A CORTE: Oh, eu entendo.
SR. ROTHSCHILD: Parece-me que, você sabe, parece haver uma base para atacar que não precisa lidar com a oportunidade que você lhes deu.
O TRIBUNAL: Não há dúvida sobre isso. Você sabe, não há dano, não há irregularidade. Mas o fato de eu ter sido excessivamente benevolente e eles terem ganhado sem um pedido não significa que eu não possa simplesmente rejeitá-lo. Eu poderia tê-lo feito de ofício mesmo sem o seu pedido. Pense nisso. Se você mudar de posição, deixe-me saber no início de amanhã. Caso contrário, acho que o que farei é, não sei o que farei quanto à primeira submissão. Isso não contém nenhum relatório pericial. Acho – são esses os 85 cientistas –
SENHOR ROTHSCHILD: Sim, Vossa Excelência.
O TRIBUNAL: -- alegação? Vocês podem ter outros fundamentos, vamos deixar isso ser apresentado por escrito e seguiremos a partir daí, não vou pré-julgar isso, mas estou irritado pelo fato de que tenho, você sabe, outra alegação massiva, e, no meio disso, os advogados deles têm enviado e-mails para Liz, e como um juiz me disse e ao co-advogado anos atrás, "Não estamos aqui para fazer uma faculdade de direito", e a substância da pergunta é como fazemos isso, e você sabe, não vamos entrar nisso.
SENHOR GILLEN: É óbvio a partir do primeiro resumo que eles não sabem.
O TRIBUNAL: Sim. Fiz com que a Liz enviasse um e-mail de volta dizendo para obter uma cópia das regras locais e recebemos um e-mail sem conexão que basicamente dizia novamente como fazemos isso.
SENHOR MUISE: Sua Excelência, apenas quero ser claro. Não temos nada a ver com o arquivamento destes.
O TRIBUNAL: Oh, eu não --
SENHOR MUISE: Não estamos tentando contornar nada. Entenda, apenas quero deixar claro.
O TRIBUNAL: Não estou dizendo que você fez, e é por isso que não quero espalhar isso pelo tribunal e sugerir que você fez. Não acredito que você fez, eu certamente entendo isso, mas ao mesmo tempo, você sabe, eu não vou ter, você sabe, algum cavaleiro solitário vindo a cavalo aqui no último instante. Não vamos ter isso.
SR. GILLEN: Concordo, Vossa Excelência.
O TRIBUNAL: Tudo bem. Então, começaremos amanhã com o Dr. Nilsen, e quero dizer que antes de nos separarmos, todos devem entender que vamos levar o perito, interromper seu depoimento ao trazer o advogado para --
SENHOR MUISE: Amanhã às 14h, Vossa Excelência?
O TRIBUNAL: Sim.
SENHOR GILLEN: Obrigado, juiz.
(Discussão realizada fora dos registros.)
(Barra lateral concluída às 16h18)
O TRIBUNAL: Tudo bem, o objetivo da discussão na barra lateral para que todos compreendessem foi falar sobre a programação, porque nos colocamos, talvez "atrás" não seja a palavra correta, mas estamos um pouco fora de ordem.
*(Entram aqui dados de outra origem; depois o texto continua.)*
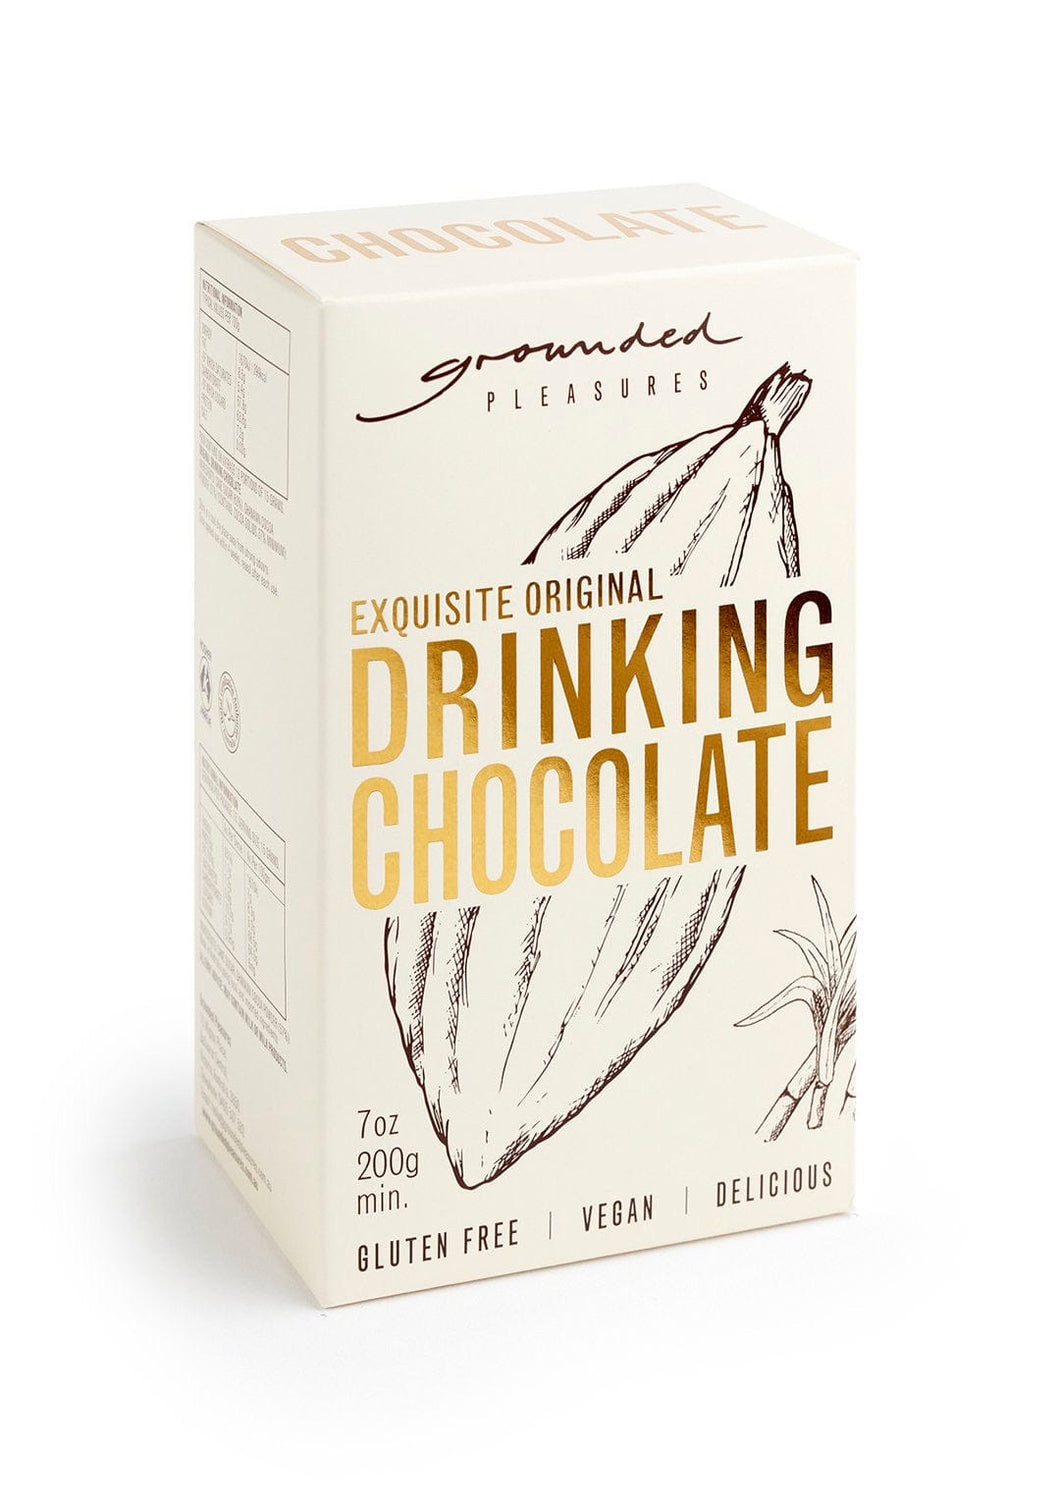 Grounded Pleasures- Exquisite Original DRINKING CHOCOLATE

Teremos, como todos sabem, um dia encurtado devido a alguns assuntos que devo tratar amanhã de manhã e durante o intervalo do almoço.
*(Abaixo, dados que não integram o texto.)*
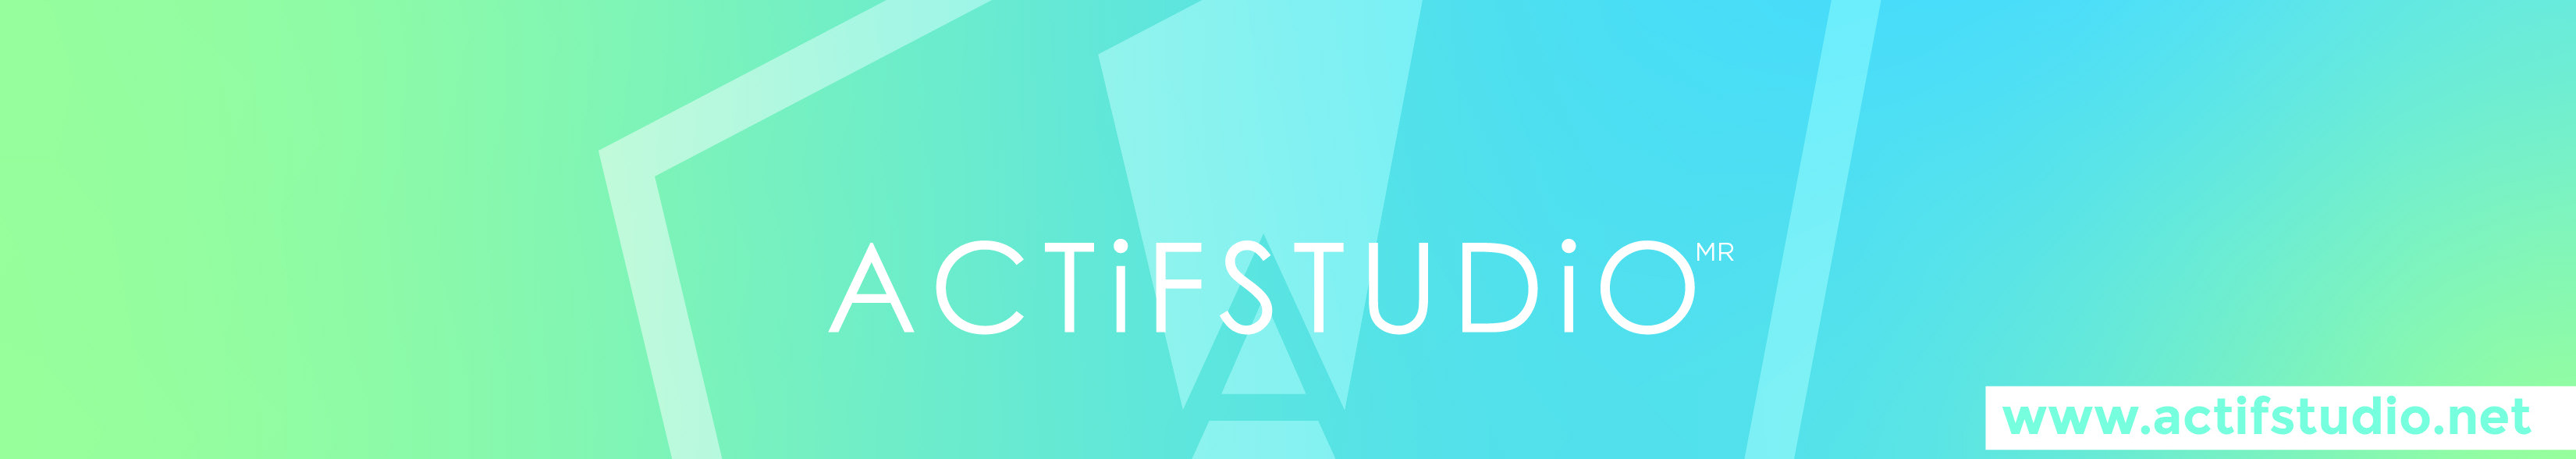 Actif Studio's profile banner

Então, começaremos às 14h de amanhã, e para que todos estejam claros, começaremos com o depoimento do superintendente Nilsen às 14h de amanhã, e por acordo das partes, é possível que esse depoimento seja interrompido por um perito da defesa em algum momento da sexta-feira, assumindo que o depoimento possa não concluir amanhã. Teremos um dia completo de julgamento na sexta-feira. Há mais alguma coisa que precisamos registrar antes de suspendermos os trabalhos hoje? Não havendo nada, agradeço pela sua cooperação. Nos vemos amanhã, nos vemos às 14h de amanhã.